In order to integrate further nationalist voters, the party changed its name to GB/BHE in 1952. In the 1953 federal election, it reached 5.9% of the votes and entered the Bundestag parliament with 27 seats. The party became coalition partner in Adenauer's second cabinet, with Oberländer and Kraft as Minister for Displaced Persons and Minister for Special Affairs respectively. However, with their ongoing integration in the West German society of the Wirtschaftswunder era, more and more expellees saw no need for a parliamentary representation beside the BdV pressure group, and the role of the party dwindled away. In addition, the GB/BHE ministers were reproached by their party fellows for supporting Adenauer's policies to integrate the Federal Republic into the West. After an open conflict over the future status of the Saarland as an independent entity of the Western European Union, Chairman Kraft resigned from his post in 1954, when at a party convention his aide Eva Gräfin Finck von Finckenstein had not been re-elected as member of the executive committee. One year later, Kraft and Oberländer left the party to join the CDU. Kraft also left the federal government in 1956.

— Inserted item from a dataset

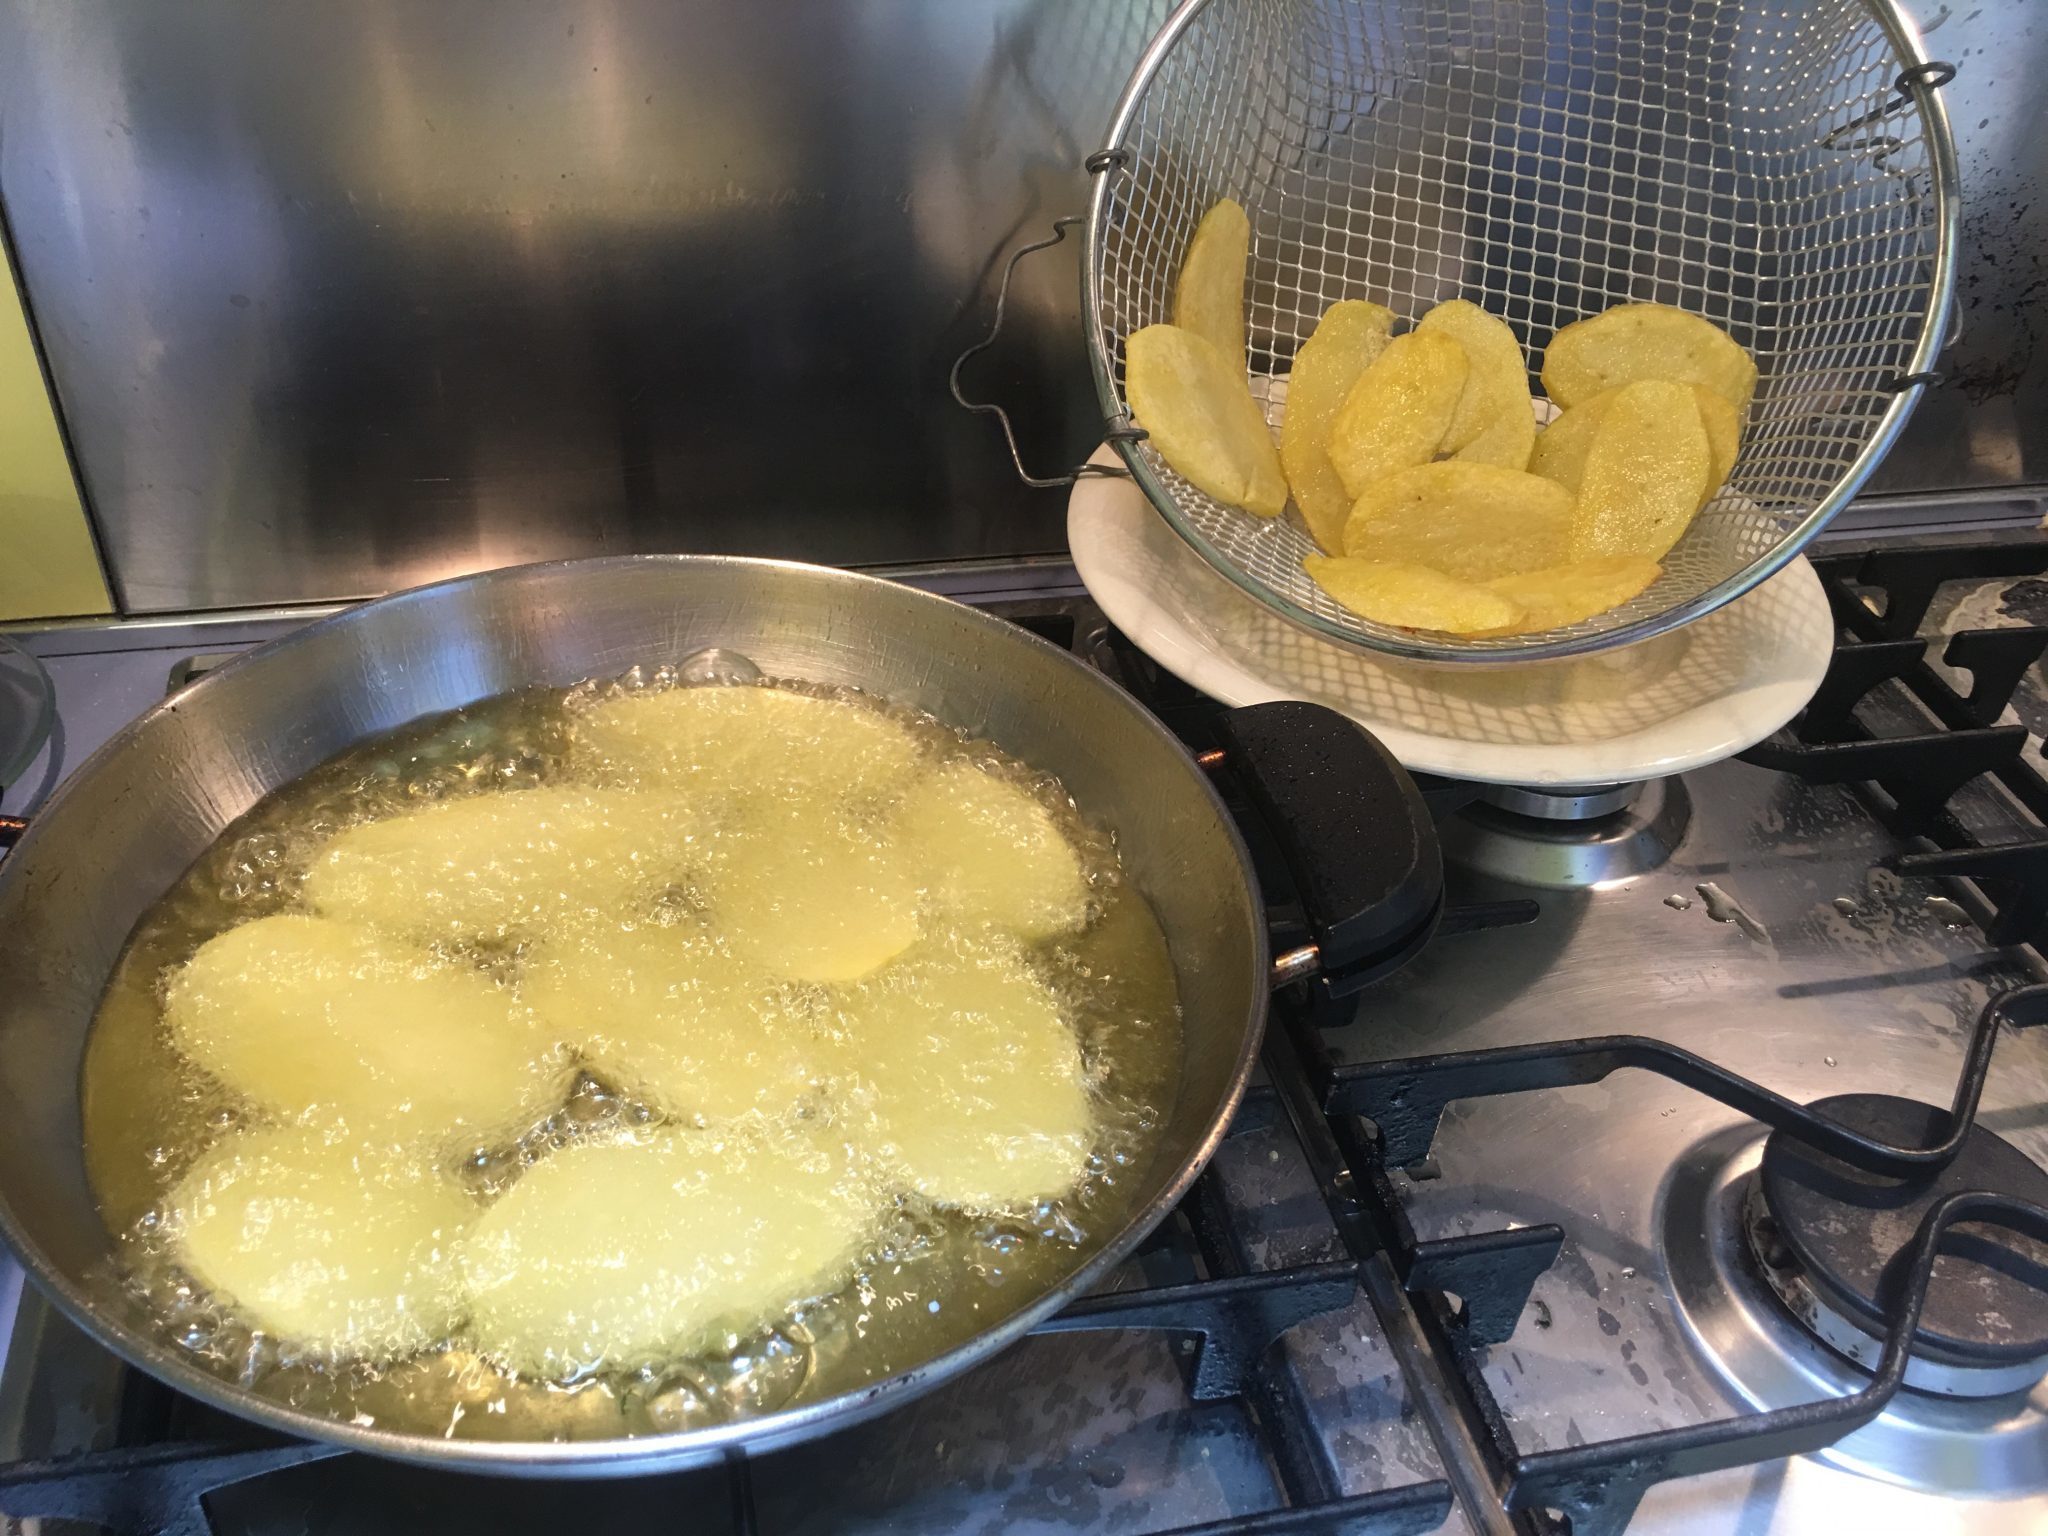 Patate alla parmigiana - patate fritte a scolare in cestello a rete
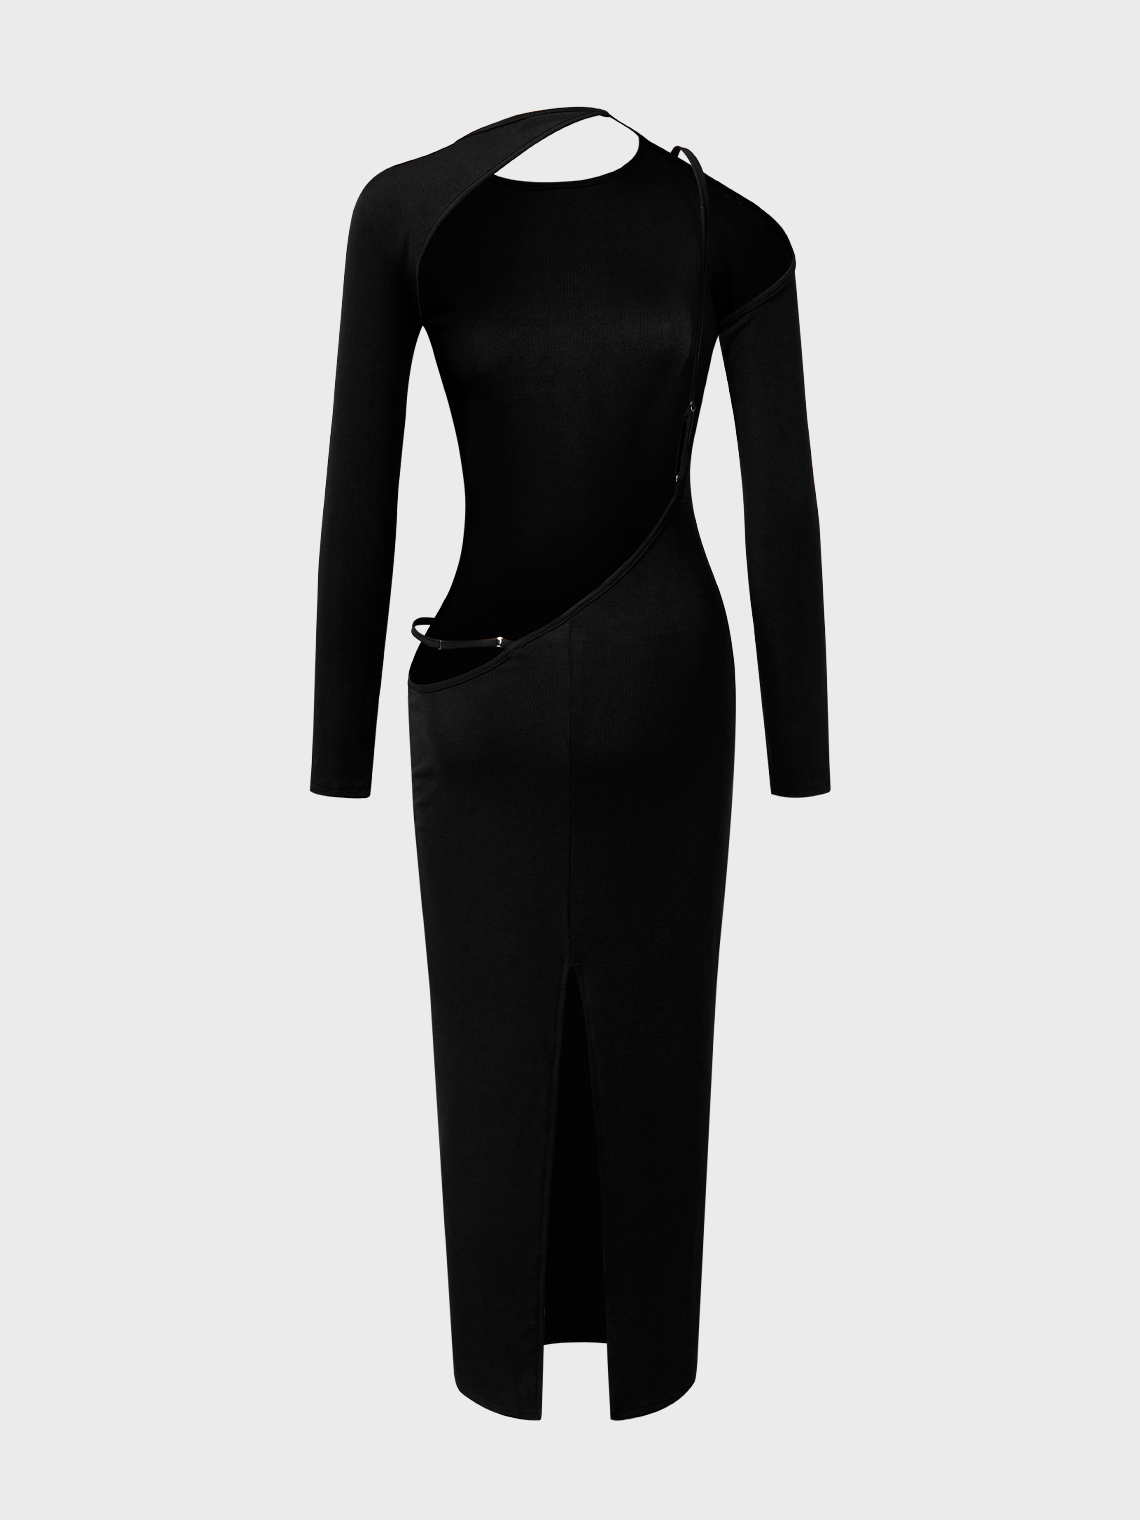 【Final Sale】Street Black Backless Dress Midi Dress

At the 1957 federal election, the GB/BHE gained 4.6% of the votes and failed to re-enter the Bundestag due to the 5% election threshold. Until the end, it had somewhat more success in state elections, still represented in the state diets (Landtage) of Baden-Württemberg, Bavaria, Hesse, Lower Saxony and Schleswig-Holstein, and participating in the states' governments. Several of its prominent members eventually became members of the CDU or CSU after 1955.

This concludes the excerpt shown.